Mustachier is a lightweight implementation of the Mustache template engine.

Supports all Mustache features, except lambdas and changing delimiters at runtime.

It is safe to use for user-templates, as it won't allow execution of any PHP code.

Performance

Mustache.php already performs quite well, but Mustachier is doing even better.

In benchmarks, Mustachier proved more than twice as fast and using 50 to 90% less memory than mustache.php.

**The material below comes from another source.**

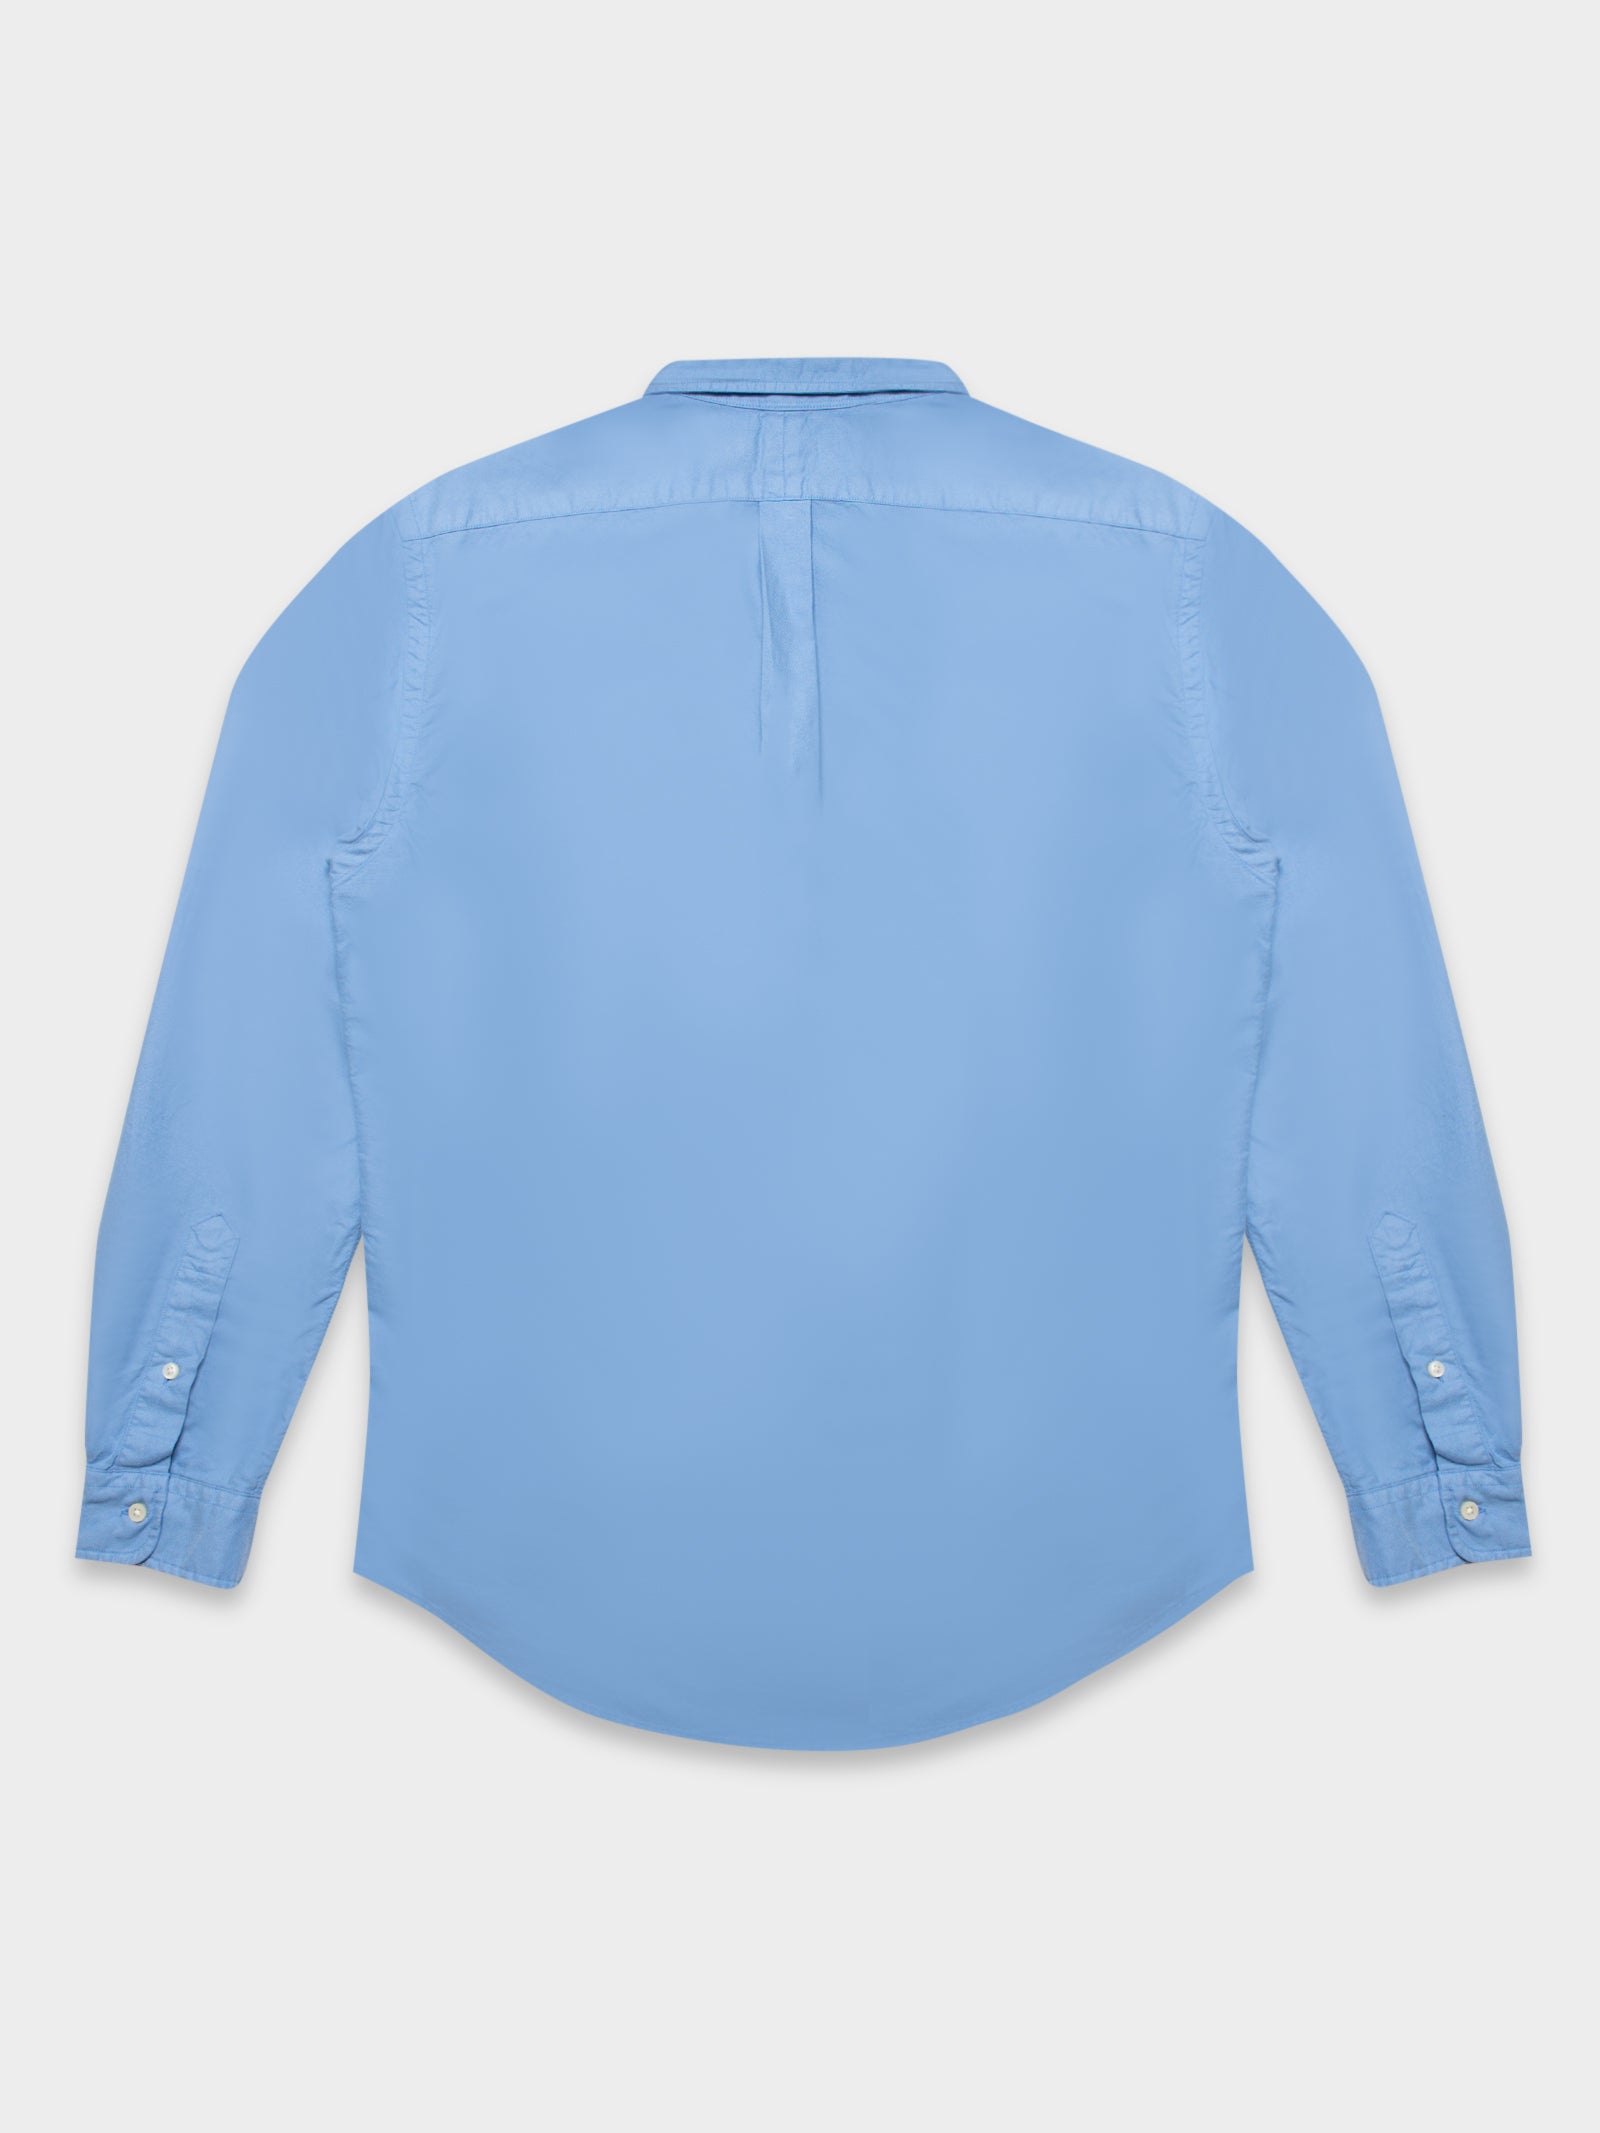 Long Sleeve Button Up Shirt in Blue & White - Glue Store

For a simple Hello World this is the average results we've had for 1000 iterations:

  • Mustache PHP: running time 9 ms, memory usage 623 KB, 15 included files
  • Mustachier: running time 4 ms, memory usage 306 KB, 2 included files

PHP usage

Running Mustache code

You can run Mustache templates directly, there is no need to use files. This makes it ideal for user templates stored in a dynamic storage like a database. One example use would be an email template.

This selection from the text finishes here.